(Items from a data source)

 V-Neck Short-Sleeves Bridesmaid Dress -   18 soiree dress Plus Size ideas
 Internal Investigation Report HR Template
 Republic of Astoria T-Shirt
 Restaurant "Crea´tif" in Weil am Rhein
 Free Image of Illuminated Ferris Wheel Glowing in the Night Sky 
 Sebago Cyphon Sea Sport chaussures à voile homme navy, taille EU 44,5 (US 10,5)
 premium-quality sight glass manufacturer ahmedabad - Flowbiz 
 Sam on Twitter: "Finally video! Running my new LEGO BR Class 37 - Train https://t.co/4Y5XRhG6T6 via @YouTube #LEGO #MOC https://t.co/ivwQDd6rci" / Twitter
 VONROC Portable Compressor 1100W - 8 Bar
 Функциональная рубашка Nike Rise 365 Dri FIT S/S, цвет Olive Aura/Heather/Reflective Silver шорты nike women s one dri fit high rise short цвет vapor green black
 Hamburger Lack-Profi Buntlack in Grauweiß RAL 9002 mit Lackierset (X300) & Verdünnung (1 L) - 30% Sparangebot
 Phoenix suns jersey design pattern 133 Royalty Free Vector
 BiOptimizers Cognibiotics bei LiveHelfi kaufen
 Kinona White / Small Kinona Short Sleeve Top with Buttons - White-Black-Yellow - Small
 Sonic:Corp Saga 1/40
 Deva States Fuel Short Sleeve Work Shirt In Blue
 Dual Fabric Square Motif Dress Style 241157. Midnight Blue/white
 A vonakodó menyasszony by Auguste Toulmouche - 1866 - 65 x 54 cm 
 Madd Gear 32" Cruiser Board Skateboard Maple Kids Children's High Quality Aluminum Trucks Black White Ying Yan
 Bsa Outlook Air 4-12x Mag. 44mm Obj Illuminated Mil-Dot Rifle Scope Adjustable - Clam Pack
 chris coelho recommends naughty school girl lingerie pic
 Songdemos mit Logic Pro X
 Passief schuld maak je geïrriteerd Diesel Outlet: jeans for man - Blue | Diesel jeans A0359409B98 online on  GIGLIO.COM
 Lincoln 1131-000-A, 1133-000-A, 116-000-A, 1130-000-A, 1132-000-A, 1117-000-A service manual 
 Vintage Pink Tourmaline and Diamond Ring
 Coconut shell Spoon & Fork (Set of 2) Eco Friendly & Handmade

> _Work instruction_
Where a line contains "Songdemos mit Logic Pro X", begin there and output each line through the end of the data above, exactly; give no other lines.

> _Task answer_
 Songdemos mit Logic Pro X
 Passief schuld maak je geïrriteerd Diesel Outlet: jeans for man - Blue | Diesel jeans A0359409B98 online on  GIGLIO.COM
 Lincoln 1131-000-A, 1133-000-A, 116-000-A, 1130-000-A, 1132-000-A, 1117-000-A service manual 
 Vintage Pink Tourmaline and Diamond Ring
 Coconut shell Spoon & Fork (Set of 2) Eco Friendly & Handmade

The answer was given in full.